TASK REQUIREMENTS =
None of the images should appear in your copy. Transcribe the data in full.

DATA SEGMENT =
-- Opening Marker --

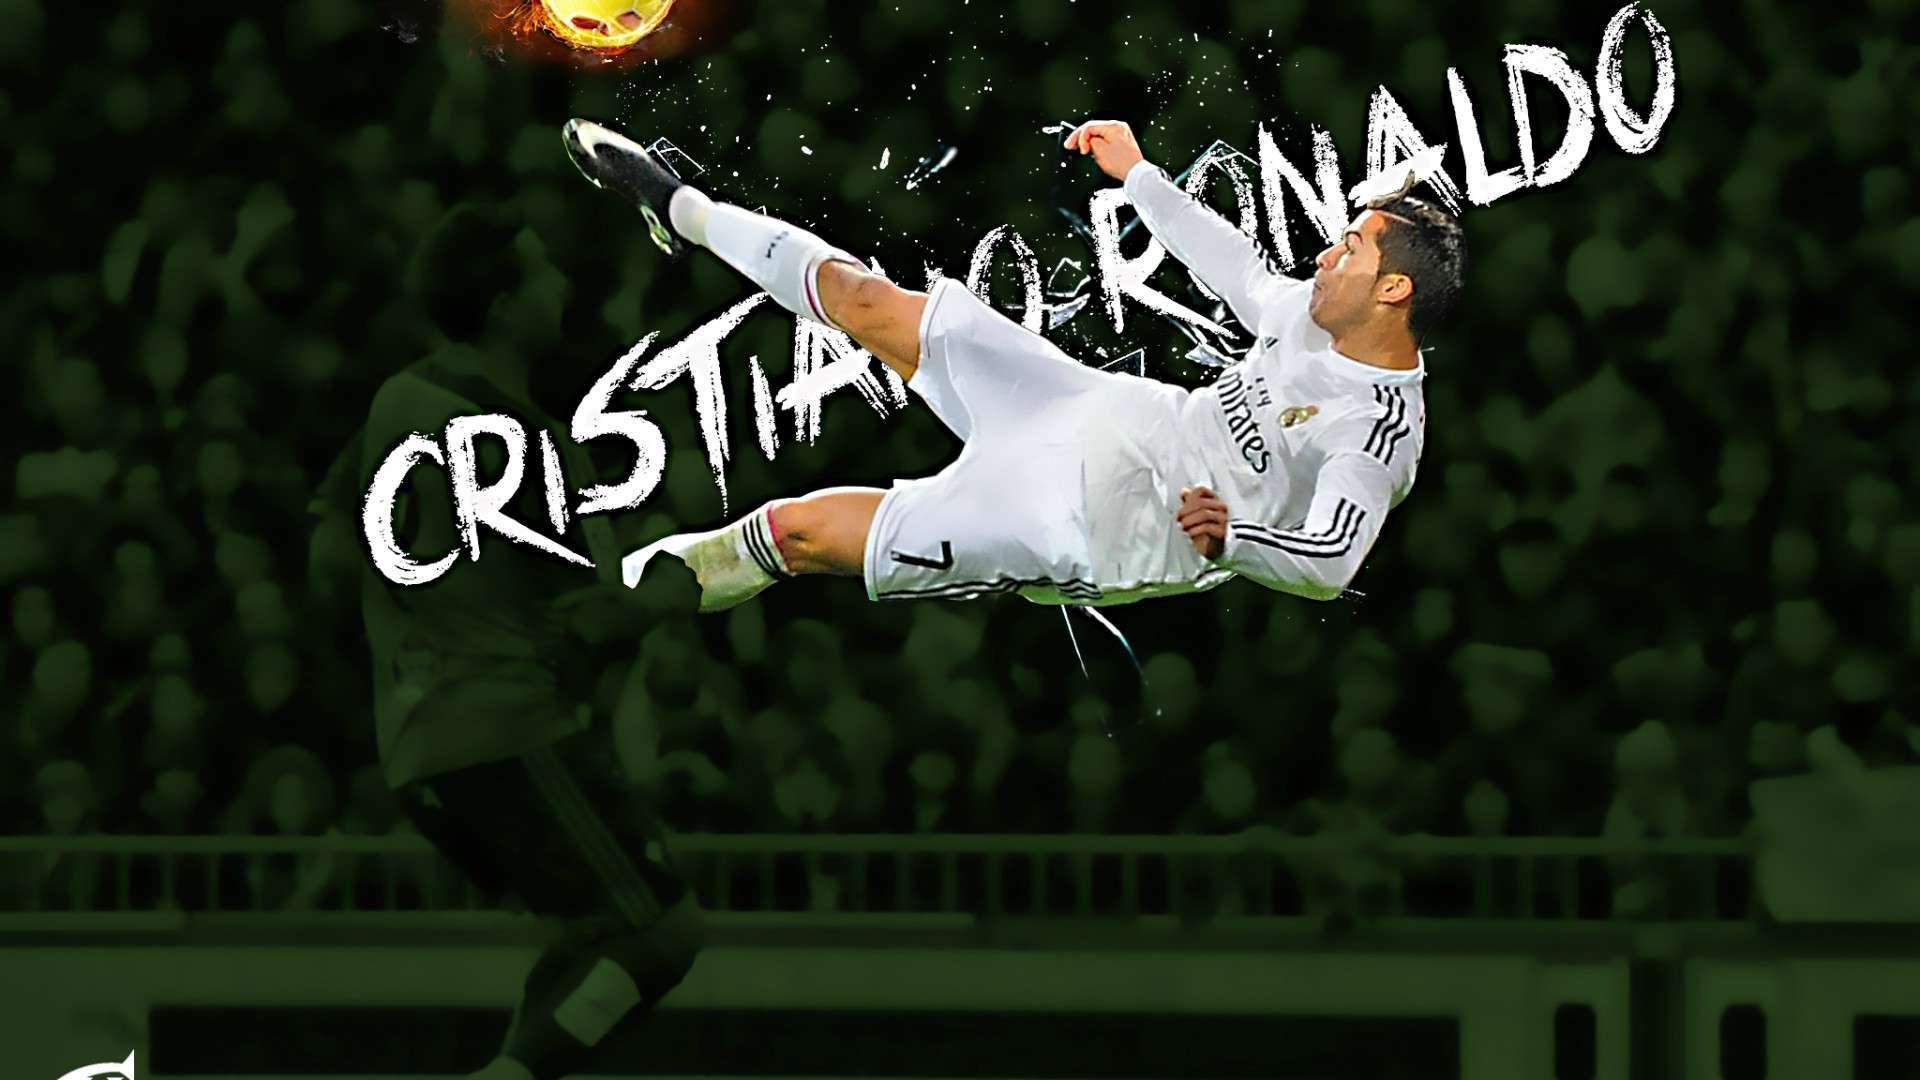 1920x1080 Cristiano Ronaldo hình nền.  Hình nền Cristiano Ronaldo HD
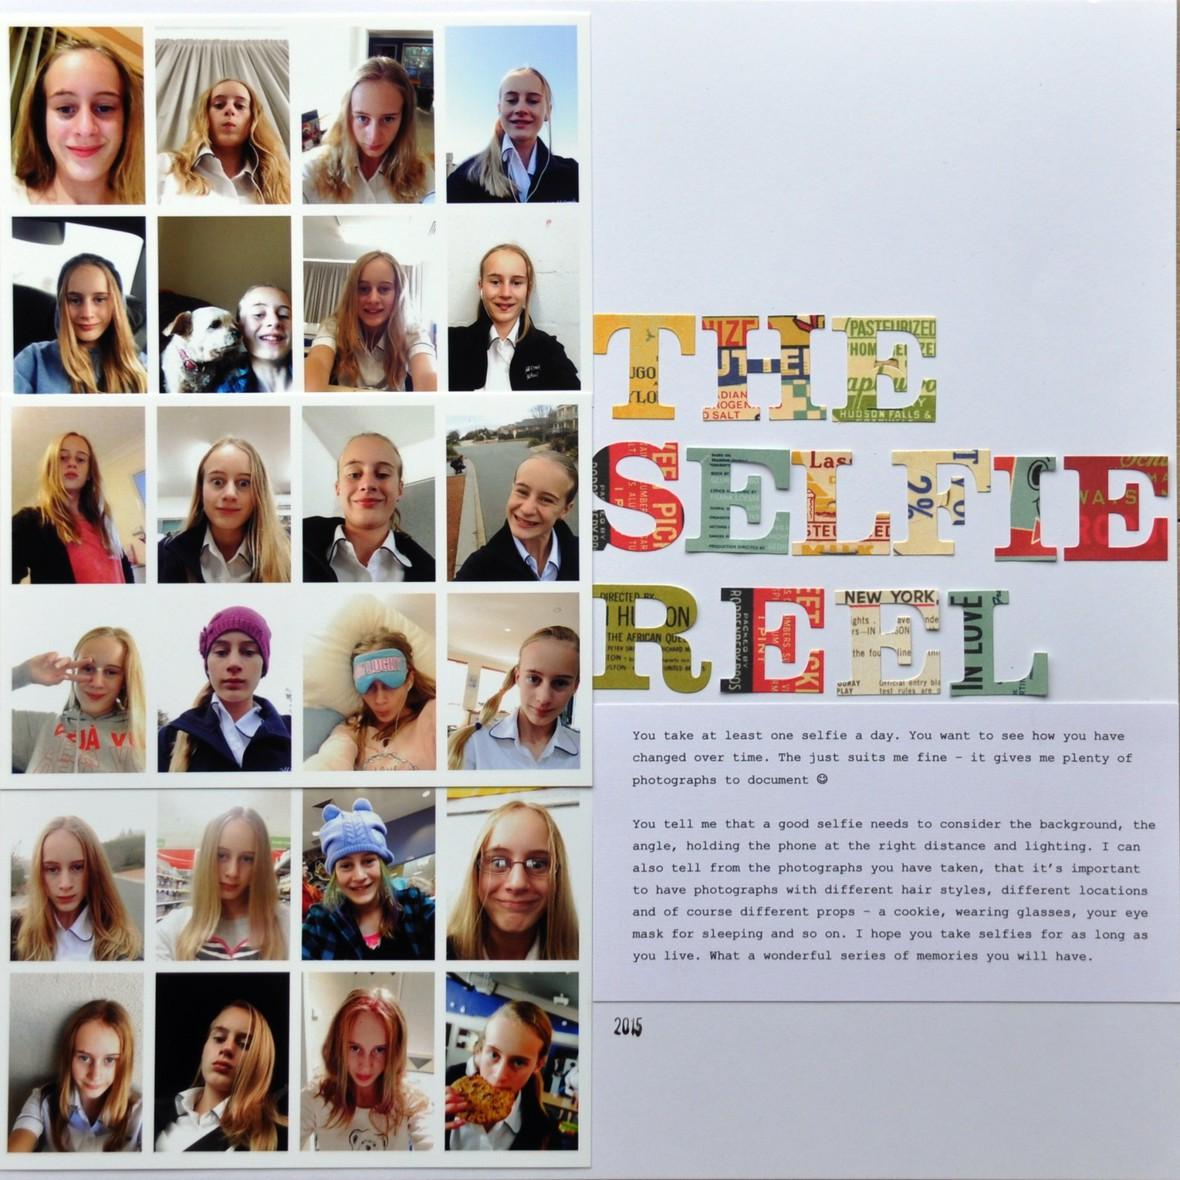 The selfie reel smaller original
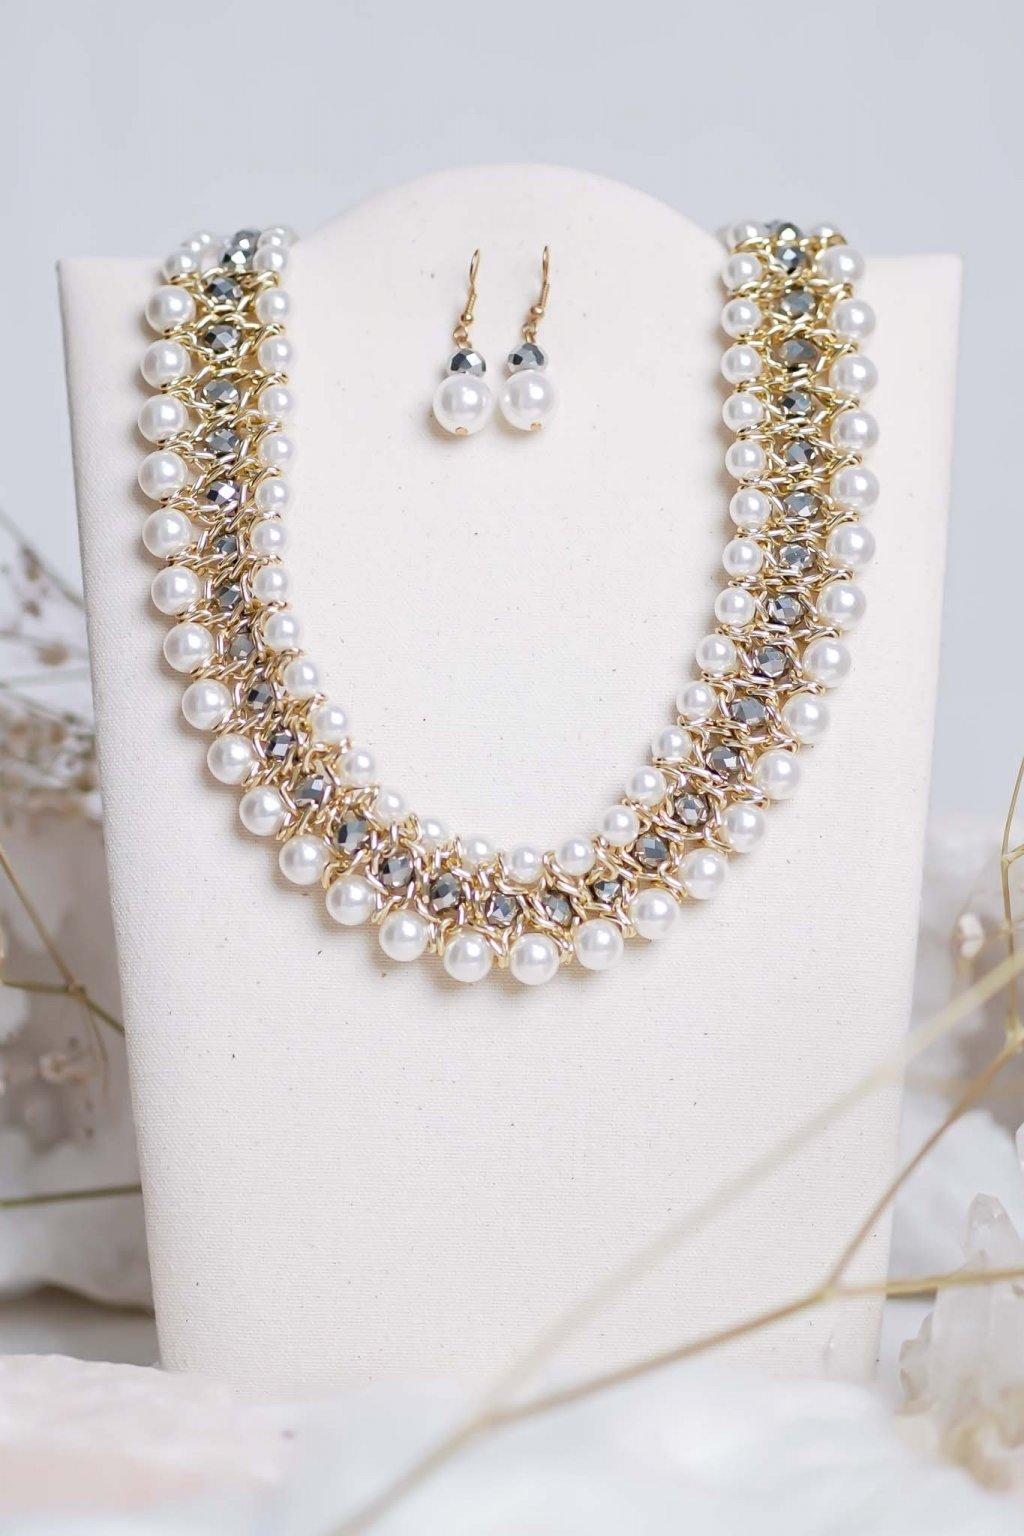 náhrdelník, šperk, spoločenská náhrdelník, náhrdelník na bežný deň, výrazný náhrdelník, jemný náhrdelník, šperky, náhrdelník na ples, svadbu, stužkovú 50

-- Closing Marker --

TASK RESULT =
 1920x1080 Cristiano Ronaldo hình nền.  Hình nền Cristiano Ronaldo HD
 The selfie reel smaller original
 náhrdelník, šperk, spoločenská náhrdelník, náhrdelník na bežný deň, výrazný náhrdelník, jemný náhrdelník, šperky, náhrdelník na ples, svadbu, stužkovú 50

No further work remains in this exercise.